The current landscape of computational tools that can infer cell signaling networks from multi-omics data independently from prior knowledge is very scarce, creating an acute need for developing such methods. Recent advances in this area have been methods involving deep learning approaches (such as MultiVI, scMoGNN, scDART) that can effectively integrate and leverage information from multiple data modalities simultaneously. These methods focus on constructing joint representations that capture information from multiple modalities (such as scRNA-seq, scATAC-seq, etc). However, these approaches do not construct a cell signaling network. Other methods that are independent of prior knowledge of signaling pathways and can be applied to multi-modal data are those based on correlation and stoichiometry scores, such as WGCNA and DMPA, but high stoichiometry scores might be misinterpreted as strong associations, even if the underlying biological relevance is weak.
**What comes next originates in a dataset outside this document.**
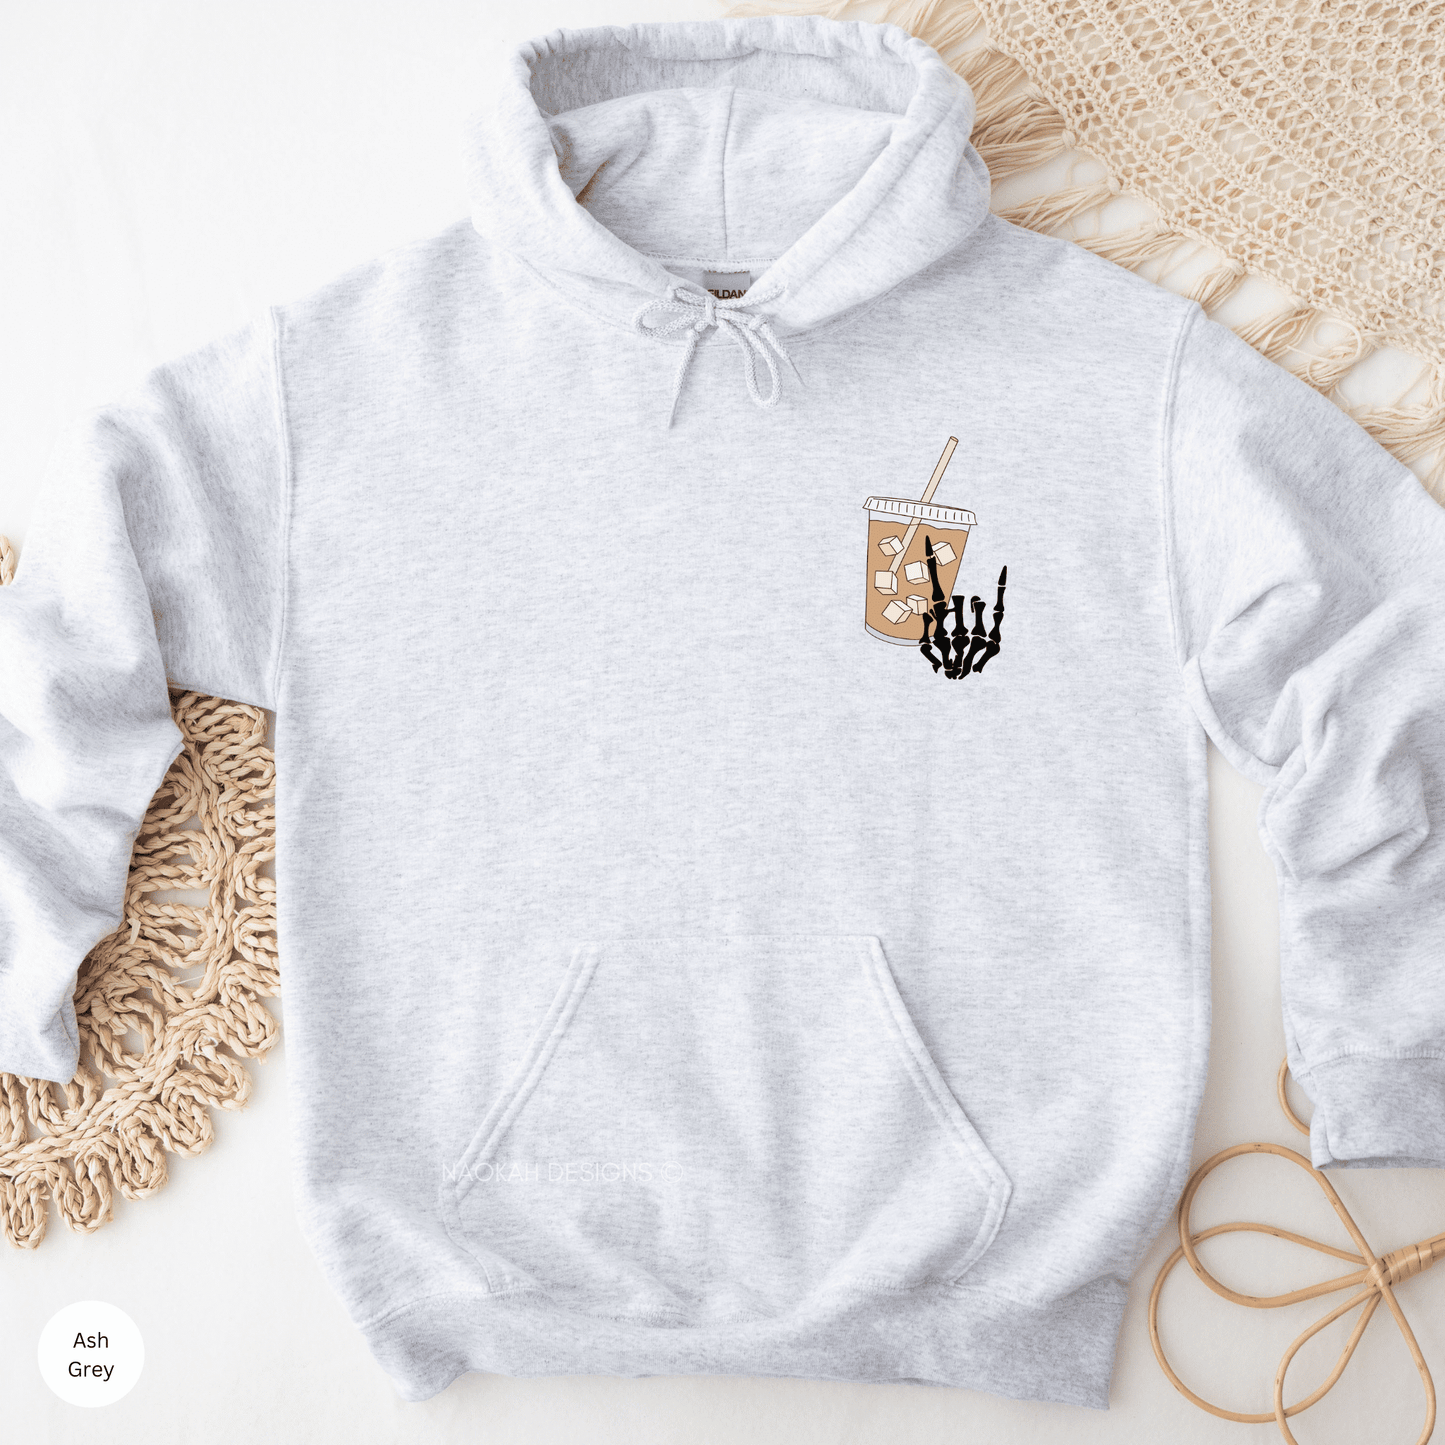 Stay fueled and stylish with our new 'Fueled by Iced Coffee and Anxiety' Sweatshirt. With a skeleton hand and an iced coffee on the front and the phrase 'fueled by iced coffee and anxiety' on the back, you'll never have to worry about running low on fuel or style. Stay energized, cool, and confident in our high-quality sweatshirt!

To address this problem we developed a method called Incytr (Inference of Cell Signal Transmission) that enables the efficient discovery of cell signaling networks from a combination of diverse data modalities, including scRNAseq, proteomics, phosphoproteomics, and kinase-substrate specificity. The core of the method is developed from methods such as ExFINDER (He 2023), which identify cell-type-specific ligand-receptor-signaling molecule-target subpathway from scRNAseq data by conditioning gene co-expression by existing or newly generated knowledge of protein-protein interactions. Our method then calculates the differential expression of these subpathways between experimental groups and further optionally allows the user to incorporate additional data modalities. We provide instructions for generating simulated cell-type-specific proteomic intensities from a combination of scRNAseq data and bulk proteomic data, and the method uses the simulated cell-type-specific proteomic data to augment the differential analysis of subpathways. Phosphoproteomics is incorporated in an analogous manner. Additionally, kinase predictions on phosphopeptides identified in the phosphoproteomic data are made using the Kinase Library (Johnson 2023) and combined with kinase expression in scRNAseq to further augment the differential analysis.

We illustrate Incytr’s application in elucidating cell signaling in the contexts of Alzheimer's and cancer diseases. Incytr rediscovers known subpathways in these diseases and provides novel hypotheses for cell-type specific signaling pathways supported by multiple data modalities.